ENTRIES PROVIDED ::
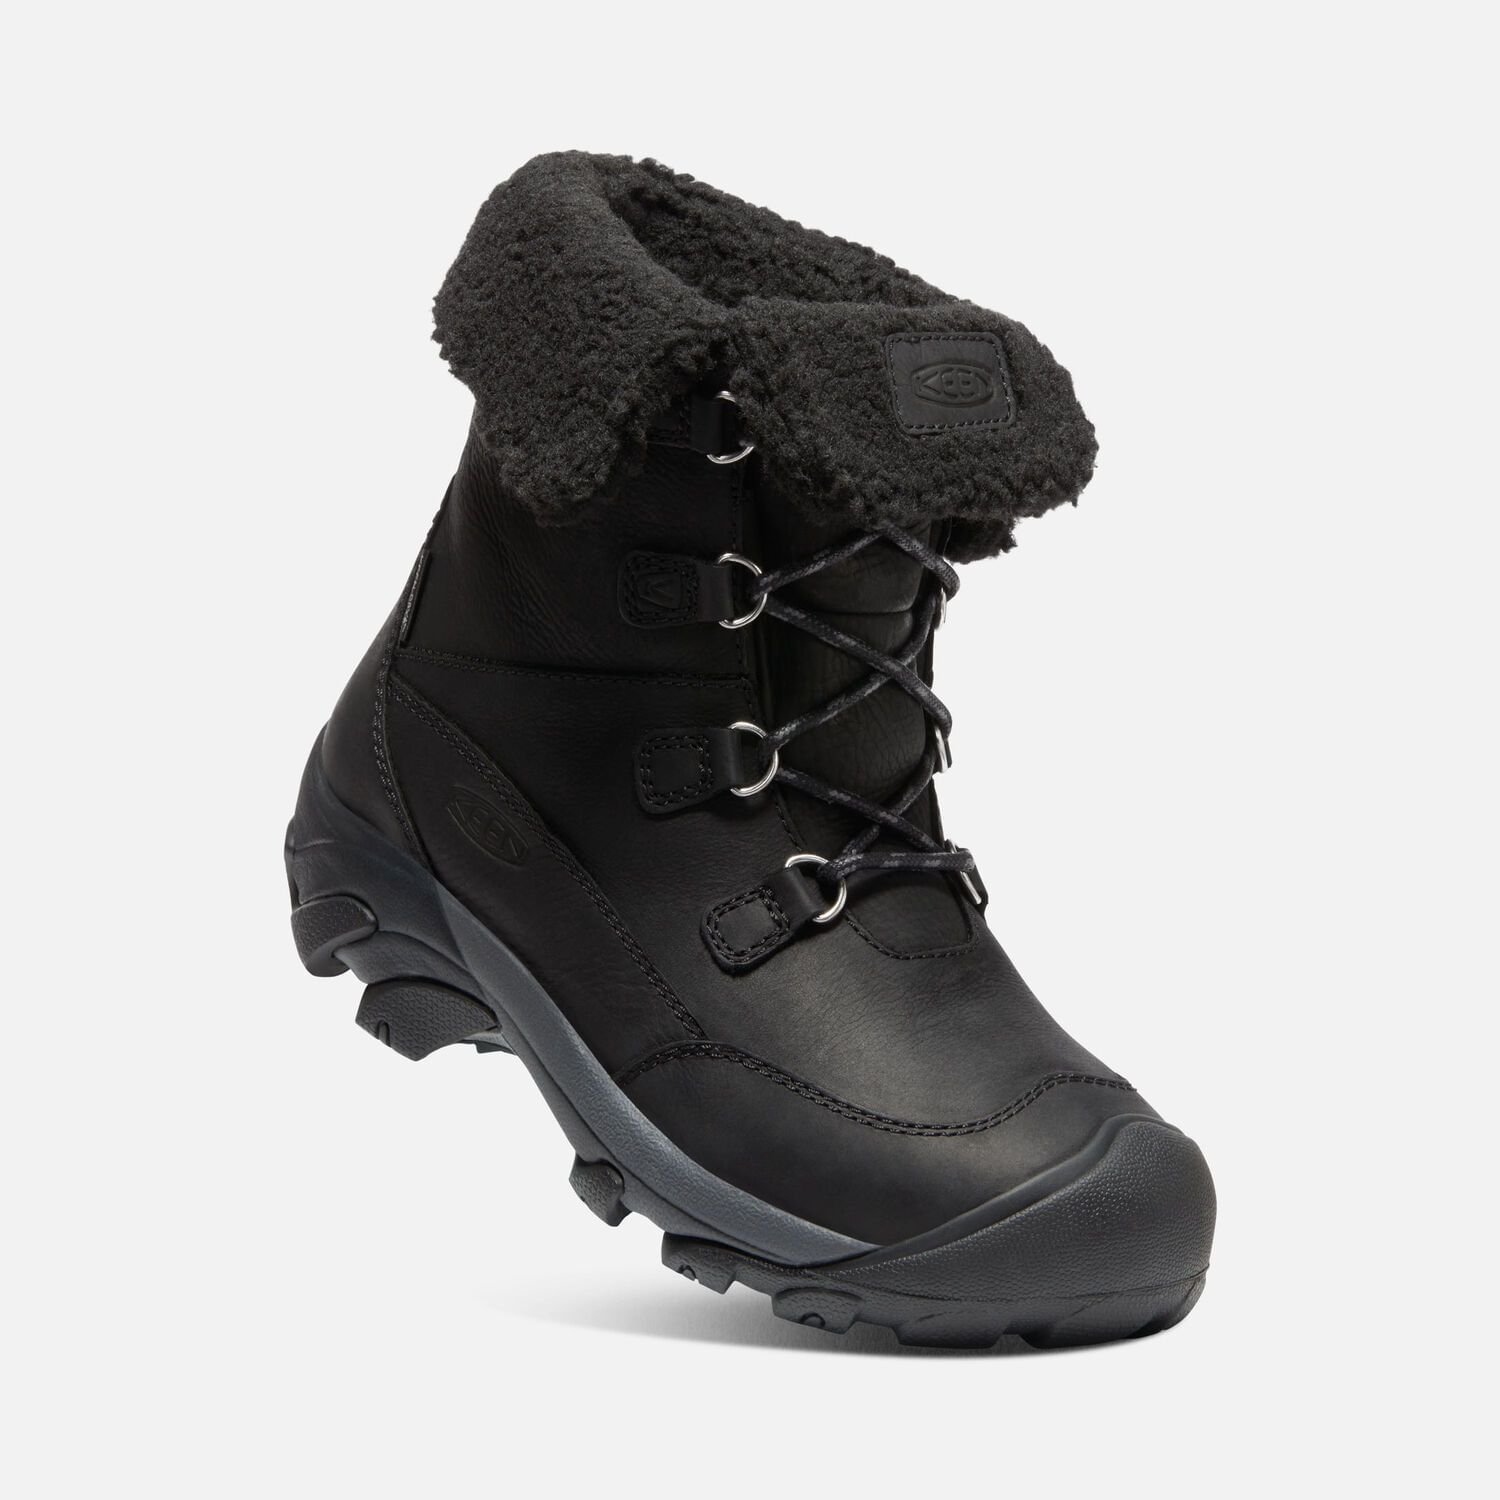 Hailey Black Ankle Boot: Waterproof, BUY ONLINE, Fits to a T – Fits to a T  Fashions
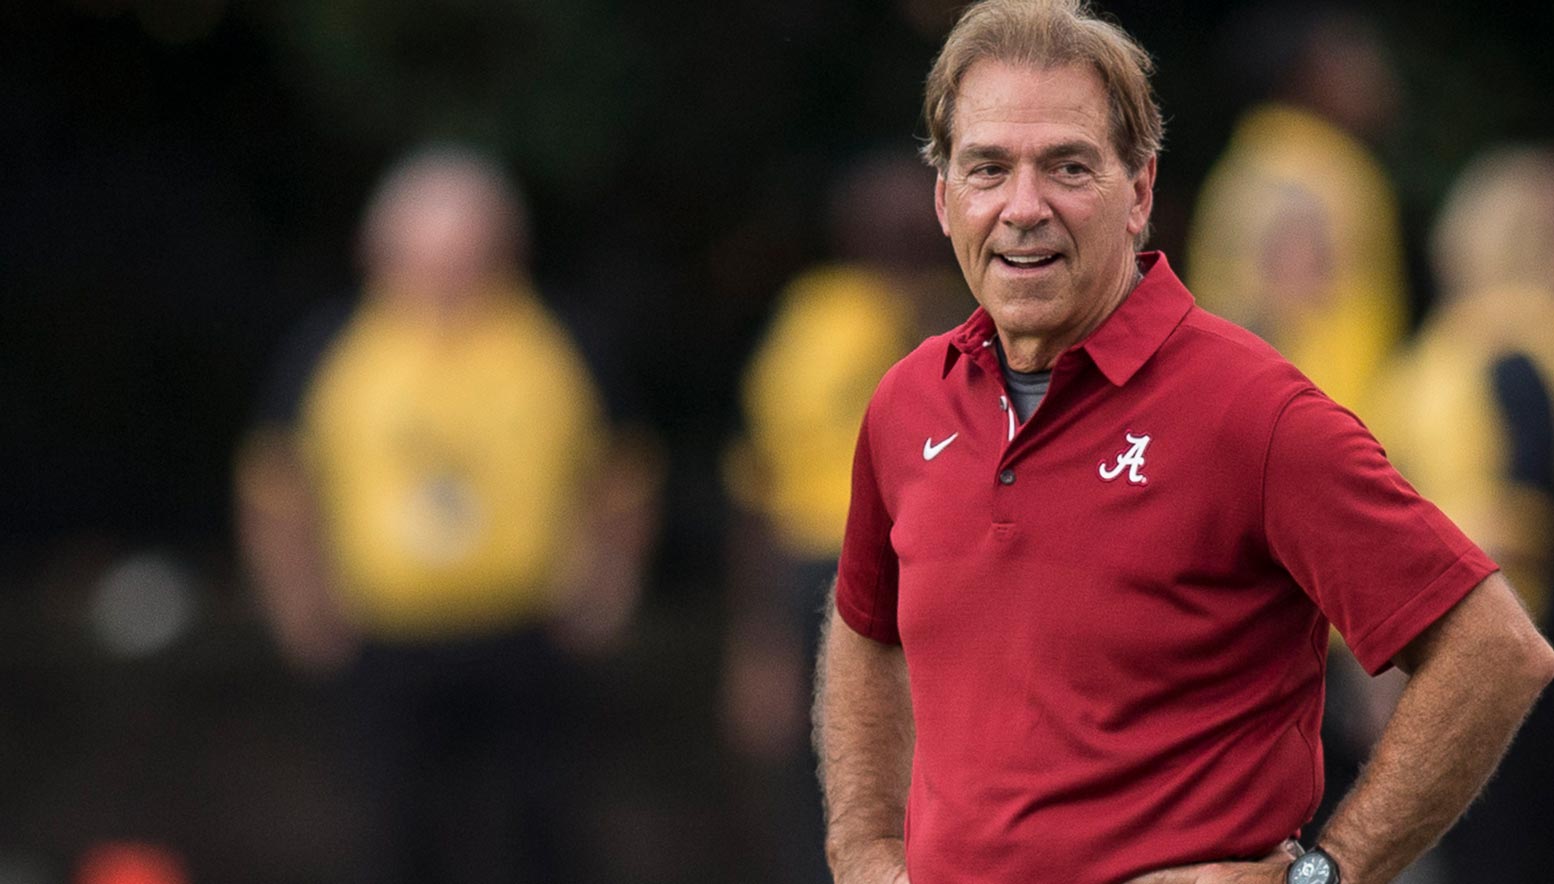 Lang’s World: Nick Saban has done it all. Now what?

...

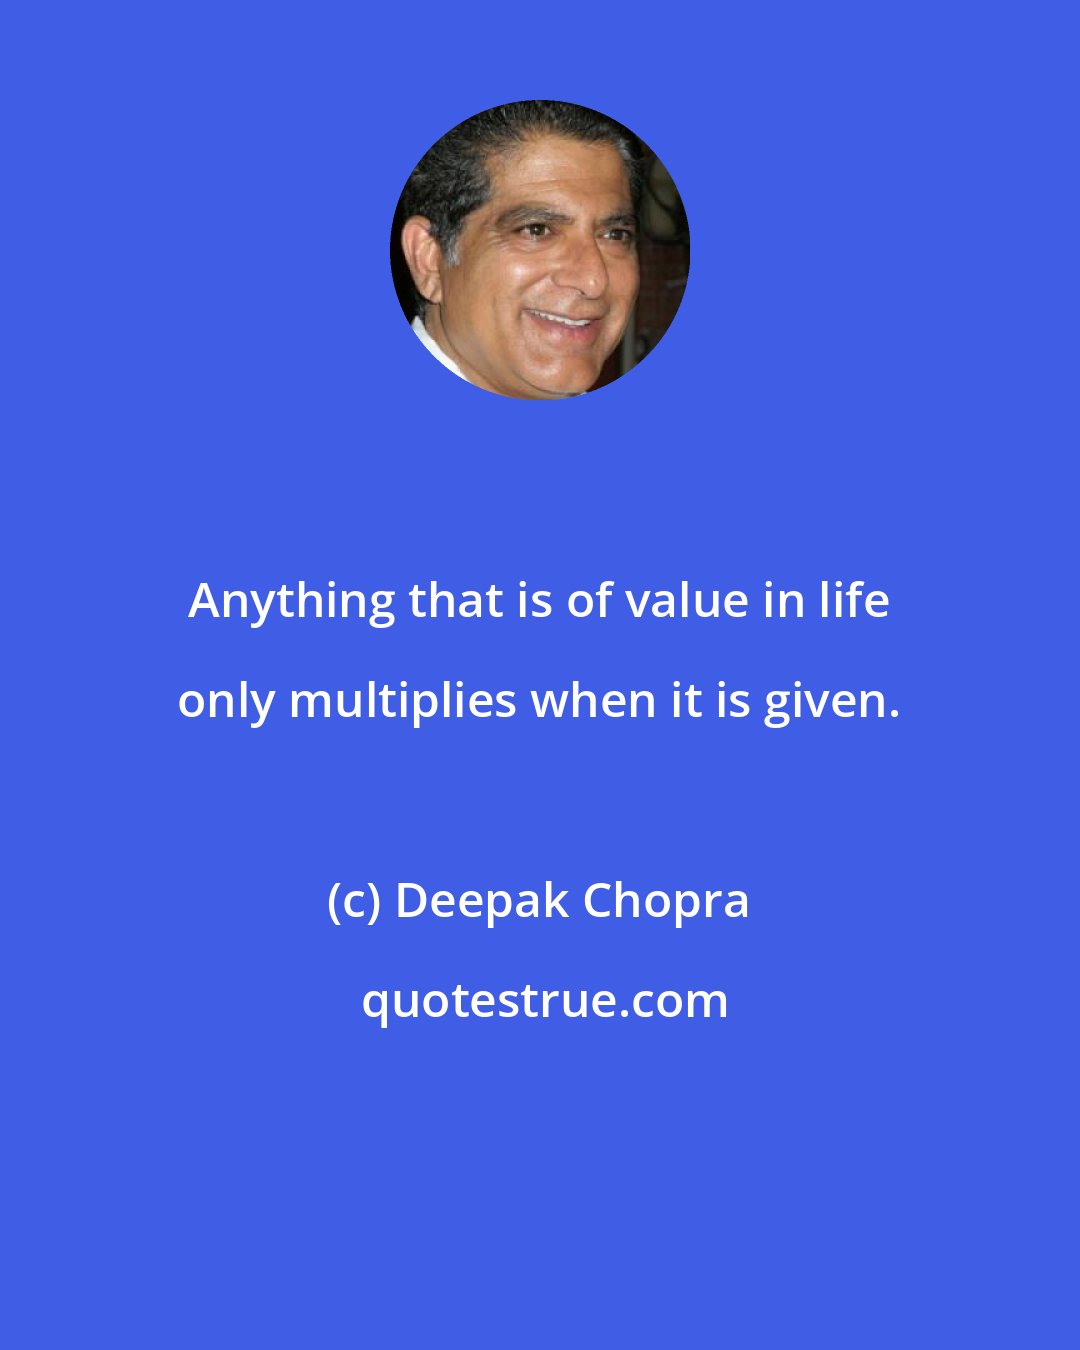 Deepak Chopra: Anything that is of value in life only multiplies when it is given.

YOUR INSTRUCTIONS :: Starting at the line with "Hailey Black Ankle" and finishing at the line with "Lang’s World: Nick", copy the material above exactly, both lines included. Nothing else goes in, and no pictures.

ANSWER SECTION ::
 Hailey Black Ankle Boot: Waterproof, BUY ONLINE, Fits to a T – Fits to a T  Fashions
 Lang’s World: Nick Saban has done it all. Now what?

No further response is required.